More specifically, the raising of the pressure and temperature of the mixture including the phthalate compound and alcohol may be simultaneously or sequentially performed, and the desired pressure and temperature may be reached by raising the pressure and temperature at one time or several times through a plurality of steps. For example, the mixture including the phthalate compound and alcohol may be injected into the reactor in a liquid phase state in which the mixture has a suitable viscosity by raising the pressure of the mixture and then raising a temperature of the pressure-raised mixture. According to an exemplary embodiment of the present invention, the viscosity of the mixture may be about 0.5 to about 20 cP in the pressure and temperature condition ranges when the mixture is injected into the reactor. Preferably, the viscosity of the liquid-phase mixture may be about 0.5 to 12 cP. When the viscosity of the mixture is in the above-mentioned range, suitable flowability and reactivity may be exhibited in the reactor.

At the time of raising the pressure for introduction into the reactor, the desired pressure may be about 50 to about 500 bars, preferably about 100 to about 300 bars. In the case in which the pressure is less than 50 bar, reactivity may be deteriorated, such that it may be difficult to obtain a conversion rate of the desired level, and in the case in which the pressure is more than 500 bar, the pressure is excessively high, such that it may be difficult to manufacture the reactor, or a manufacturing cost may be significantly increased.

In addition, at the time of raising the temperature for introduction into the reactor, the desired temperature may be about 50 to about 500° C., preferably about 100 to about 300 C. In the case in which the temperature is less than 50° C., the catalyst becomes inactivated due to a low temperature, flowability in the reactor is deteriorated due to a high viscosity of the mixture, permeability of hydrogen to the phthalate compound and alcohol in the liquid phase state is deteriorated, such that the reaction is not suitably performed in the reactor, and in the case in which the temperature is more than 500° C., decomposition of the reactant may be increased, it may be difficult to manufacture the reactor, and it may be difficult to control heat, or the like, due to a rapid reaction.

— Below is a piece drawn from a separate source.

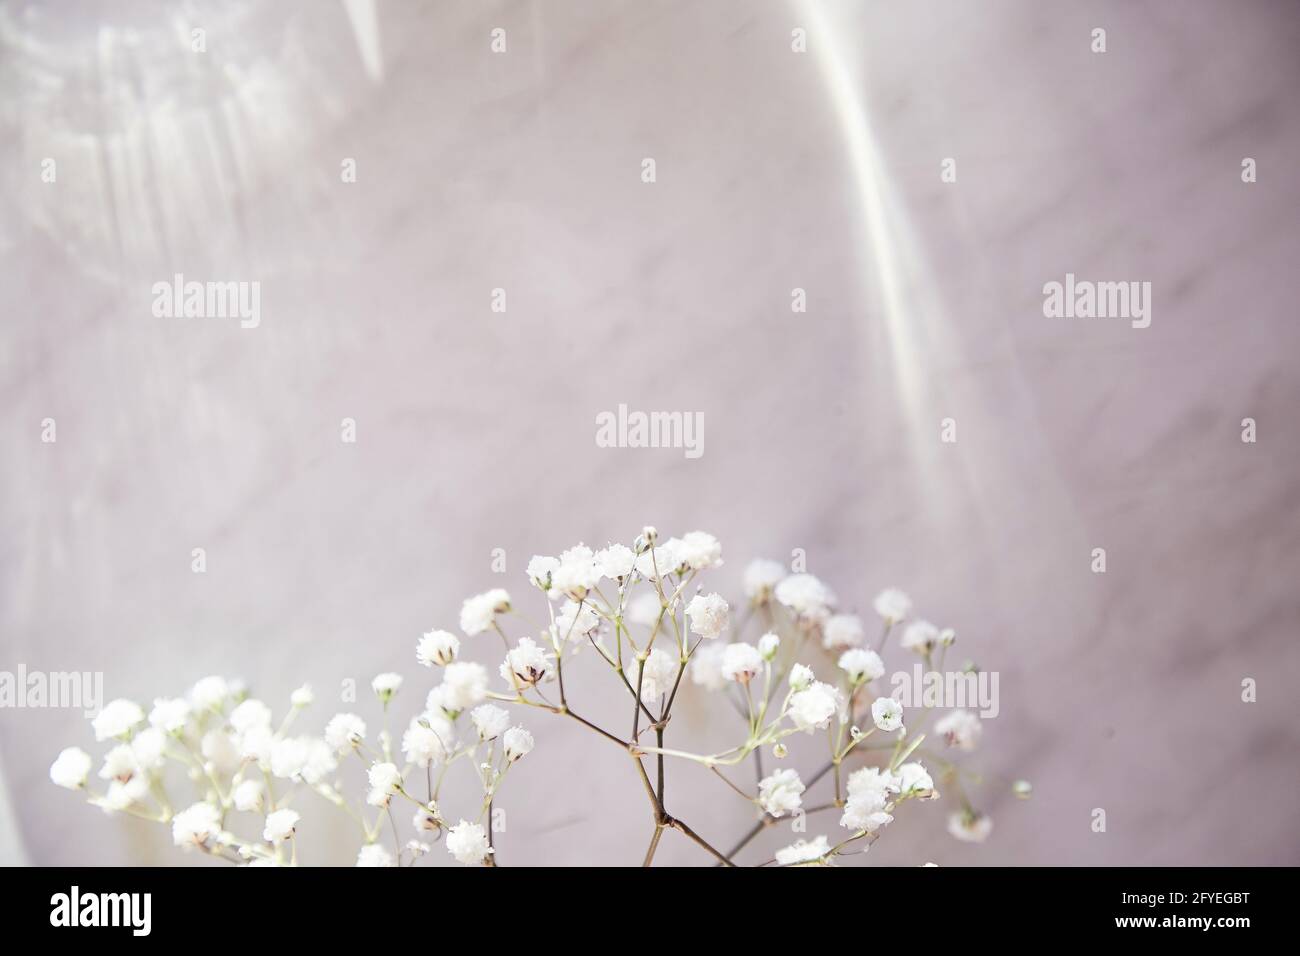 Trendy background with natural shadows, lights and white gypsophila flower. Selective focus. Copy space. Stock Photo

The mixture including the phthalate compound and alcohol of which the pressure and temperature are raised by the above-mentioned process is introduced into the reactor filled with the hydrogenation catalyst. In addition, gas-phase hydrogen (H₂) is introduced into the reactor through a separate supply line, such that the hydrogenation reaction is performed.

In this case, pressure and temperature conditions of hydrogen may be adjusted so as to be equal to the pressure and temperature conditions of the mixture including the phthalate compound and alcohol, that is, to be in a pressure range of about 50 to about 500 bar, preferably about 100 to about 300 bar and a temperature range of about 50 to about 500° C., preferably about 100 to about 300°C.

The hydrogenation catalyst may contain a Group 8 transition metal as an active ingredient. That is, the hydrogenation catalyst may contain, preferably, at least one selected from ruthenium (Ru), nickel (Ni), palladium (Pd), rhodium (Rh), platinum (Pt), and the like.

An aromatic ring of the phthalate compound is hydrogenated by the hydrogenation reaction as described above to thereby be converted into the cyclohexane dicarboxylate compound corresponding thereto.

The reactor is not particularly limited as long as it may be used in the art to which the present invention pertains. That is, any one of the batch type reactor or the continuous type reactor may be used. In addition, the reactor may include a heat control device controlling heat generated during the reaction.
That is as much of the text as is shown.